Still, it’s absolutely true that people can find things out about you online that you wish they wouldn’t, which is the most important point of the story. The public sphere especially is more public than ever, because anyone with a camera, which is everyone at this point, has a potential audience of billions. What’s interesting here is that someone could take a video in public, only meaning to share it with their friends, the way people have always shared stories, and suddenly see it spread beyond what they ever wanted. I know, for example, that I would take a picture like the one in this story, but I wouldn’t want it to actually affect the person. I wouldn’t even want them to find out it was taken. That difference between the intention of the person with the camera, and the consequence of their actions, is itself an important factor that we grapple with. The openness of the internet makes it impossible to have that kind of safely closed off interaction.
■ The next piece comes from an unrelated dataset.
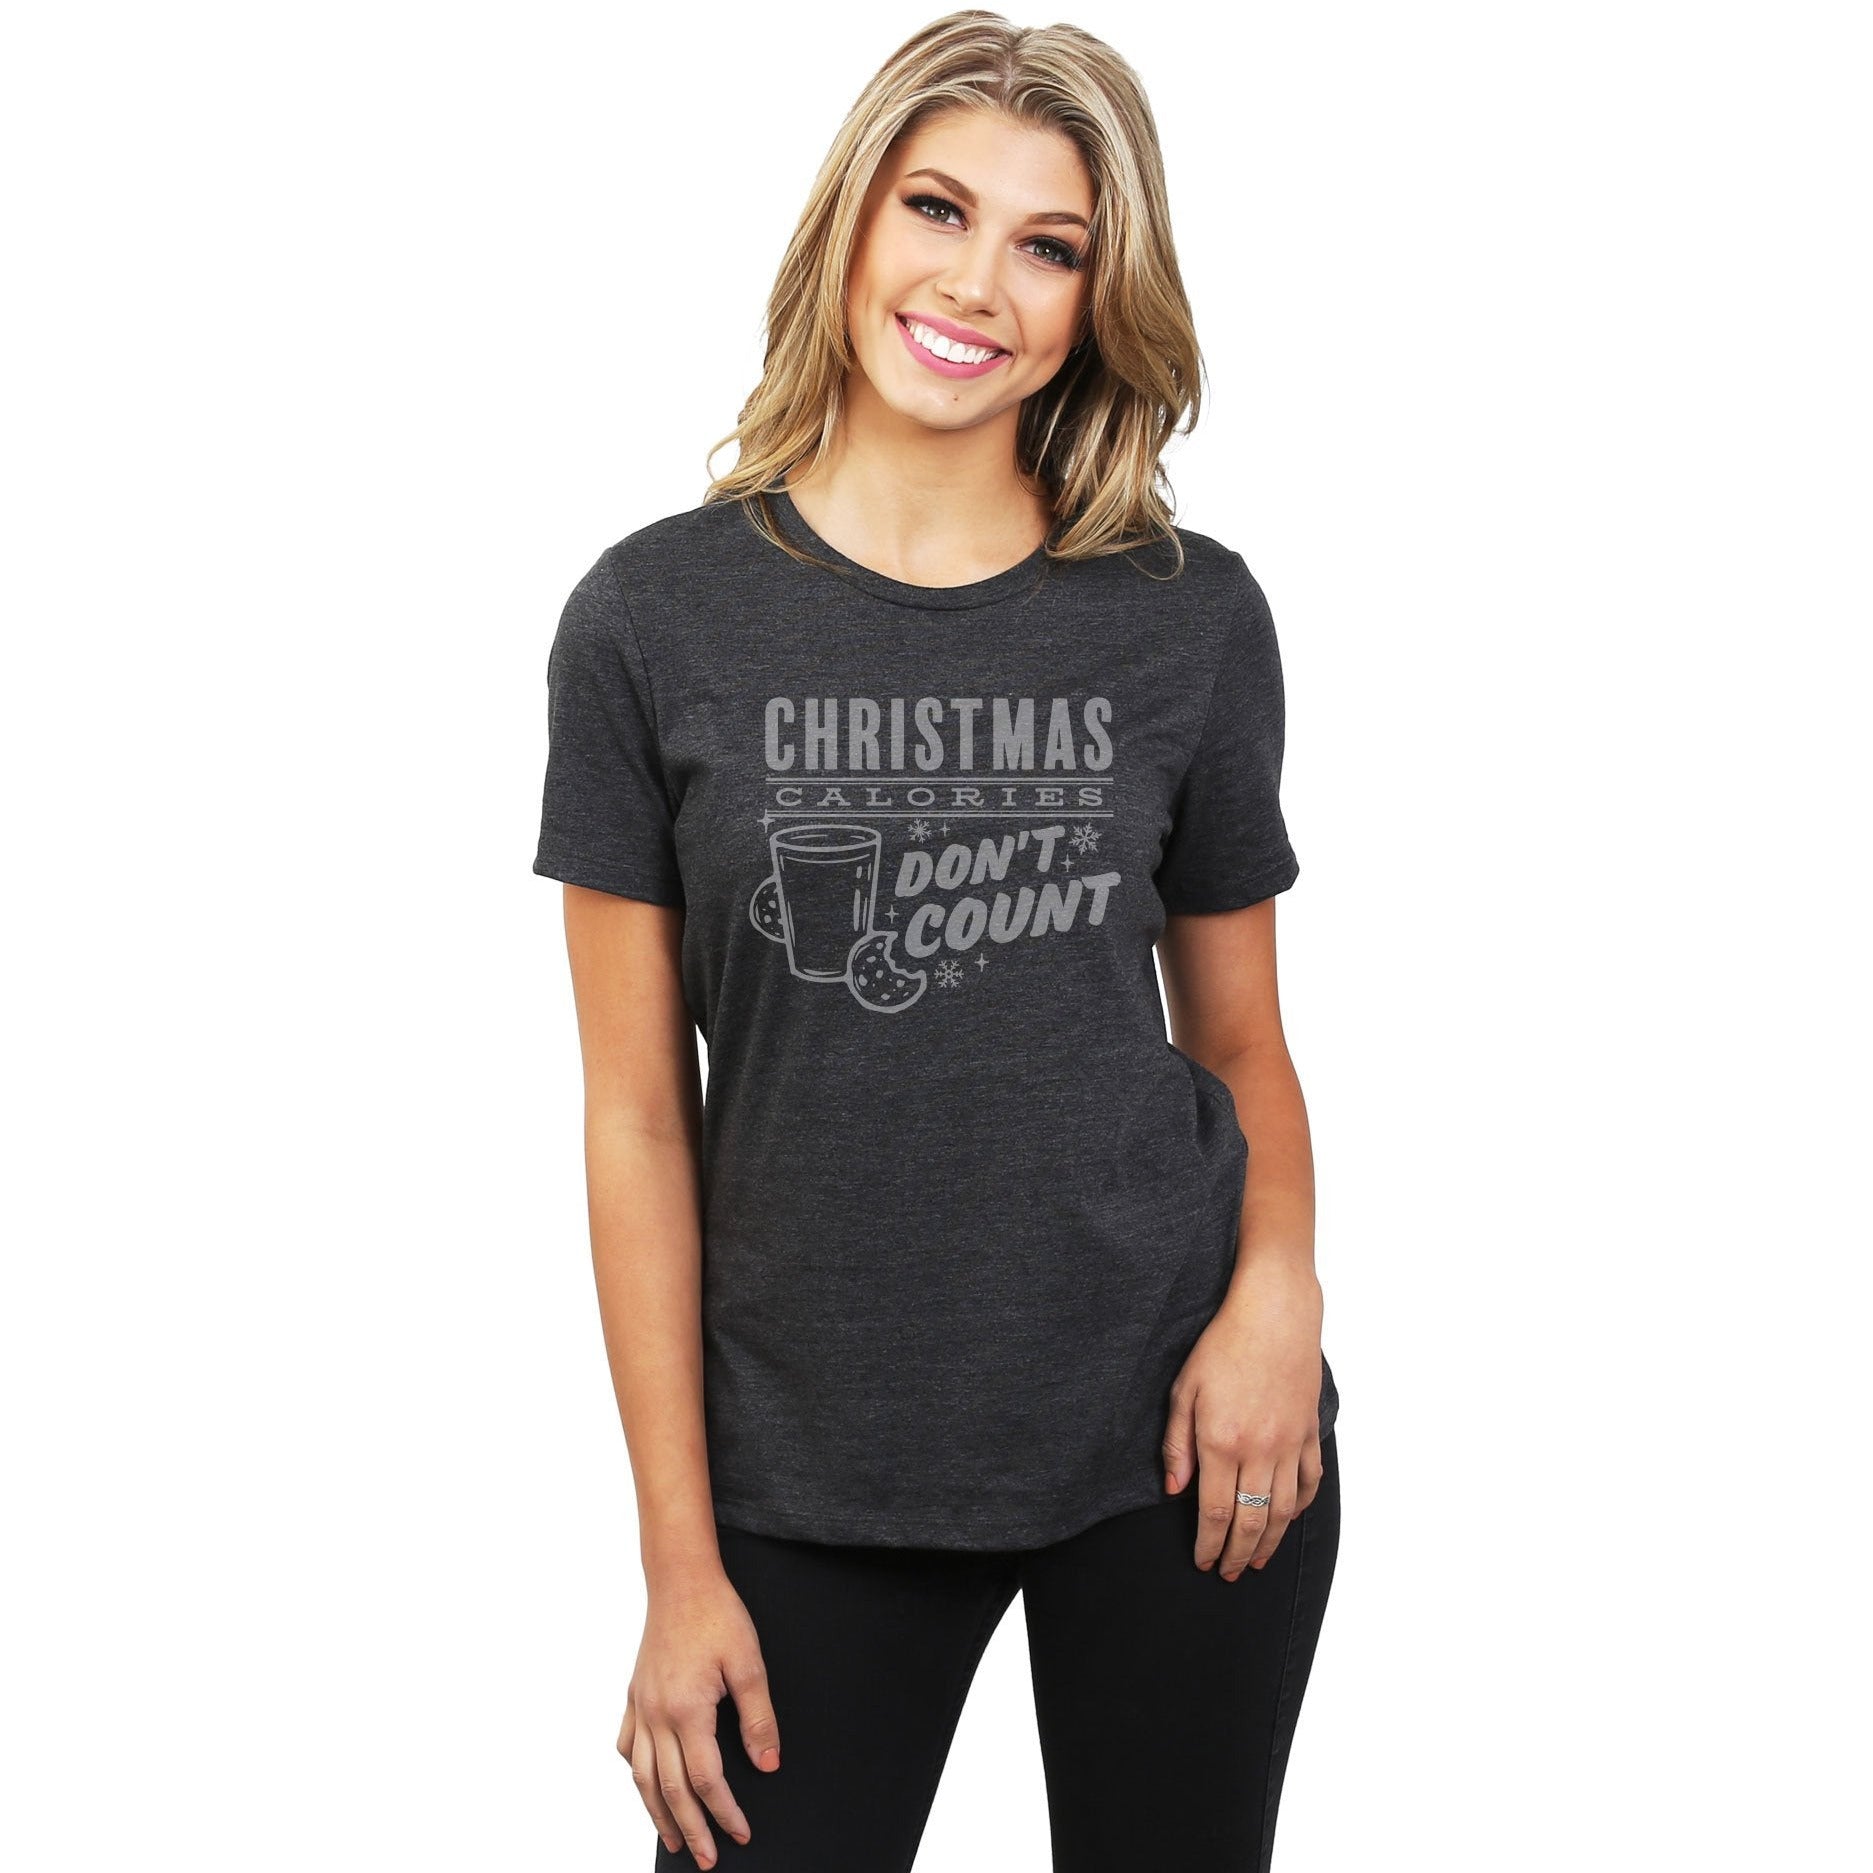 Christmas Calories Don't Count Women's Relaxed Crewneck T-Shirt Top Tee Charcoal Model

It’s a fact that our reputations are preserved online, and the chapter does a good job of laying out the fundamentals of what that means. What’s harder to know is that way that the internet will change what a reputation means, and what kinds of public behavior is acceptable or harmful. For example, I think it’s likely that certain kinds of behavior on Facebook that would have hurt someone’s job prospects in 2010 would not have the same effect today, just because we’ve all become more comfortable with having personal, workplace inappropriate public lives.
In short, I think the dog story illustrates new aspects of reputation that are fundamental to the internet, but it’s not the whole picture. Generation Google has long been replaced by generation Facebook, Snapchat and Twitter, all of which not only change what people see from us, but how they see it, and how we act. There is always an incredible danger now, all around us, threatening to pull a curtain at our worst moments so an audience of millions can gawk and stare at us in our shame. Still, I would say that’s a good thing, which is what surprised me the most reading the dog story.
Fear of social harm is what makes us better people. The dog story itself shows an interesting conflict between old and new versions of public life, because the truth is that the dog lady would not have acted that way if she were surrounded by people she knew, who would remember what she did. The phenomenon of seeing people publicly who aren’t a part of your life at all is itself a pretty new social reality, which is why most of us are instinctively worried about looking like an asshole even if nobody we know is around. The ability to act anti socially knowing that it won’t have an effect is itself a malignant aspect of modern life, that the internet, by connecting everyone, helps to erase.
So, in spite of the urge to look at stories like the dog shit lady as some dystopian nightmare, I think the overall effect is positive, if disproportional at times. Because you should clean up your shit, and if you don’t you should feel guilty about it. You’re supposed to feel bad when you do things that upset other people. The poop lady’s story is an example of people adjusting to that new reality. There’s no way she could have even conceived what happened, but now we can, which means that now if your dog pooped in public you would probably try to clean it up, especially if you saw someone pointing their phone in your direction.